Kulanjan- Taj Mahal and Toumani Diabate

The first metallic, tinkling notes of “Queen Bee” strike the ear as something both completely familiar and completely foreign. And of course that is exactly what the album is. Taj Mahal is the artist who has done the most work to keep the acoustic blues tradition alive. His music can sometimes archetypal, beautiful and great in the flawless execution of that which has been done before. Toumani Diabate is the most famous kora player in the world, son, grandson, great-grandson for many generations, heir to a long tradition of griot musicians.
It is easy to hear why these two musicians decided to work together. In the beginning of “Tunkaranke (The Adventurer),” the guitar and the kora intermingle in a long, slow, loping rhythm, losing each other in the webs of intermingled chords. At times, it is hard to distinguish which instrument is which. The music sways, smoothly, and for a minute, it is like you can feel the revolution and the passing of time and the journey and the spirit that separates and joins the strings together…
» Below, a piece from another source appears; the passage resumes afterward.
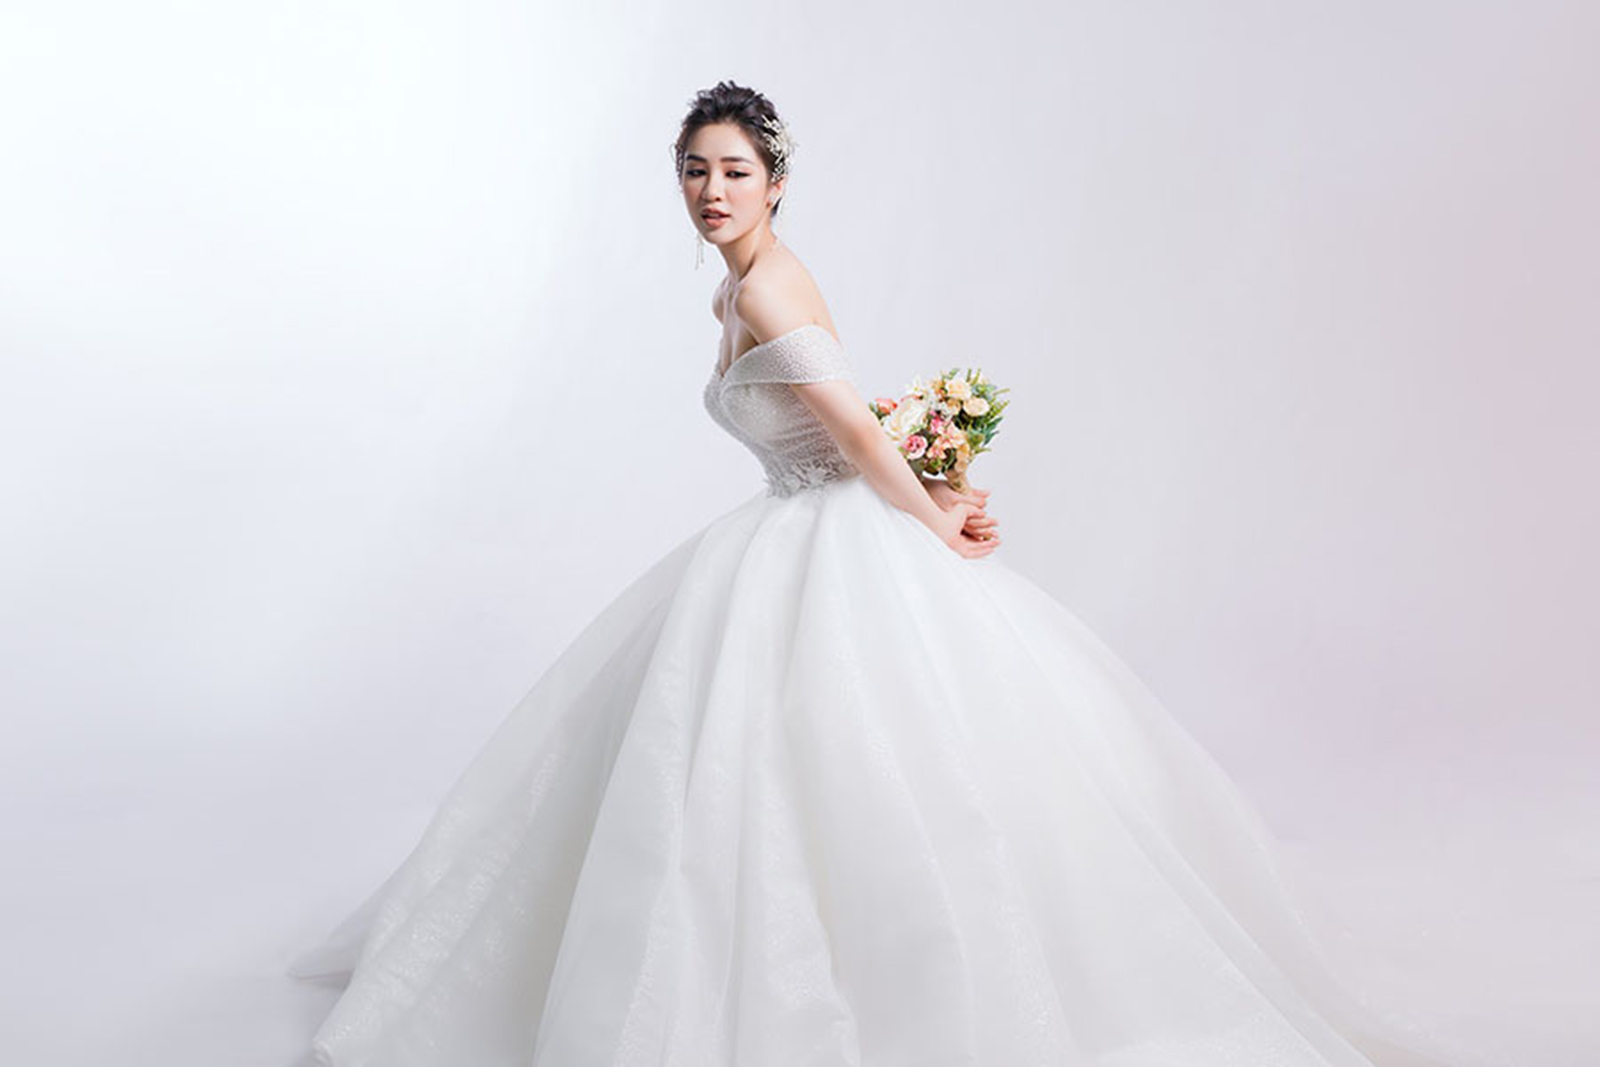 Địa chỉ các tiệm váy cưới được ưa chuộng tại Hà Nội  Quyên Nguyễn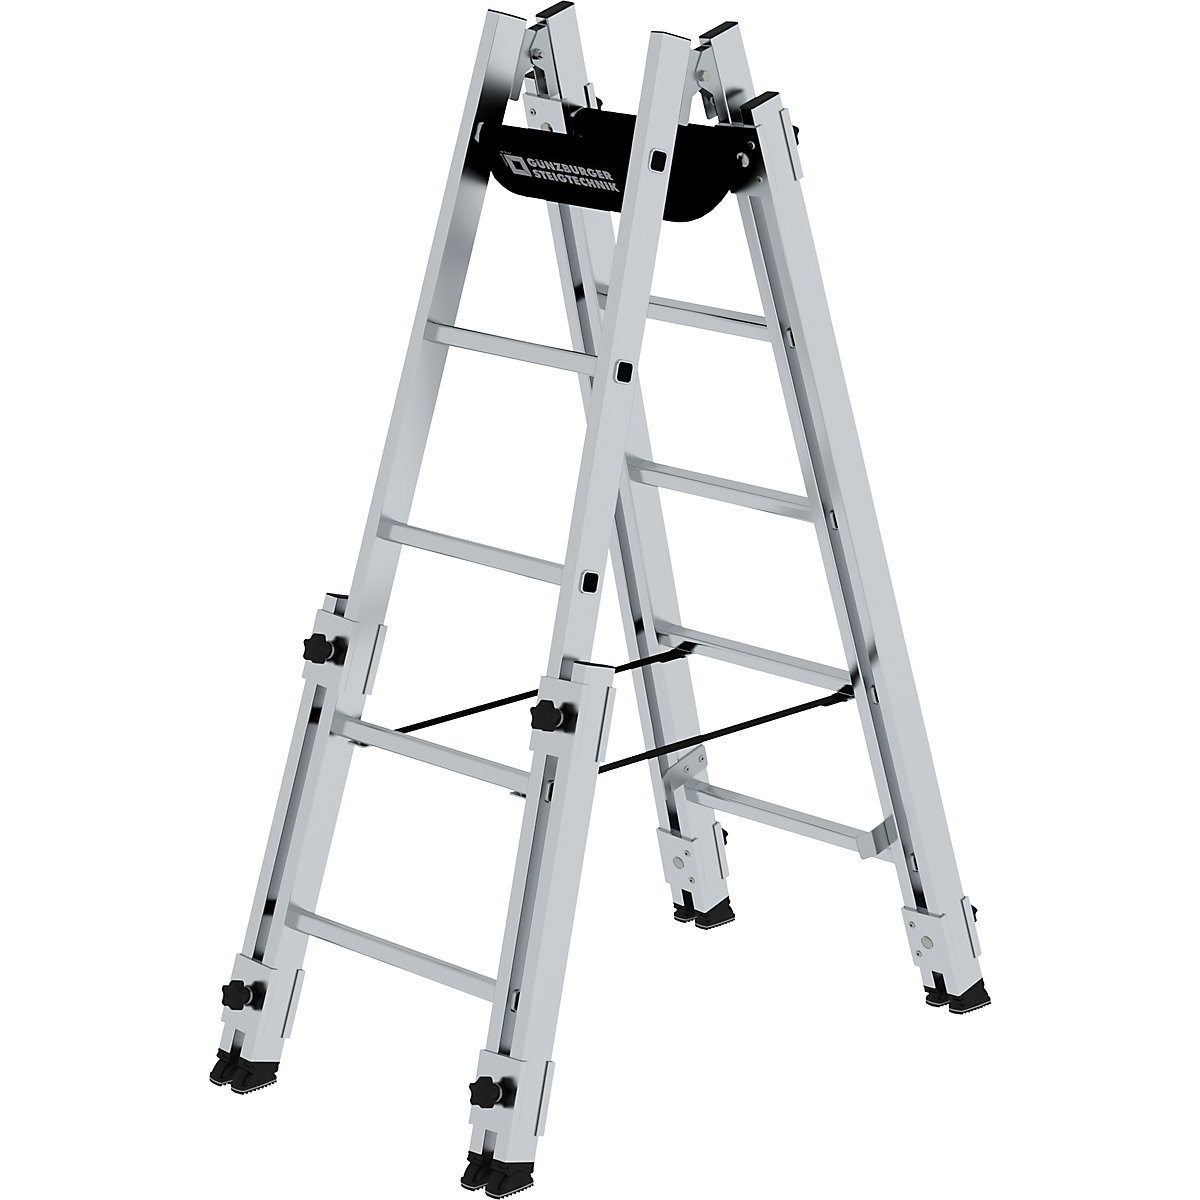 Aluminium rung ladder - MUNK

Other tracks, like “Mississippi-Mail Blues” start by grounding themselves in familiar folk rhythms and chords, before going on a bewildering cascade of sharp rhythms and pleasant riffs. Really, beyond the symbolism of the Delta Blues combined with the Malian Griot music, this album is special because of the musicianship behind it. The album would not work, as a symbol or otherwise, were it not for the unbelivable chops of Toumani Diabate or the rich texture of Taj Mahal’s guitar and voice. As much as the album is a celebration of great cultures, it is a celebration of great artists. It then is no surprise that the result is great music.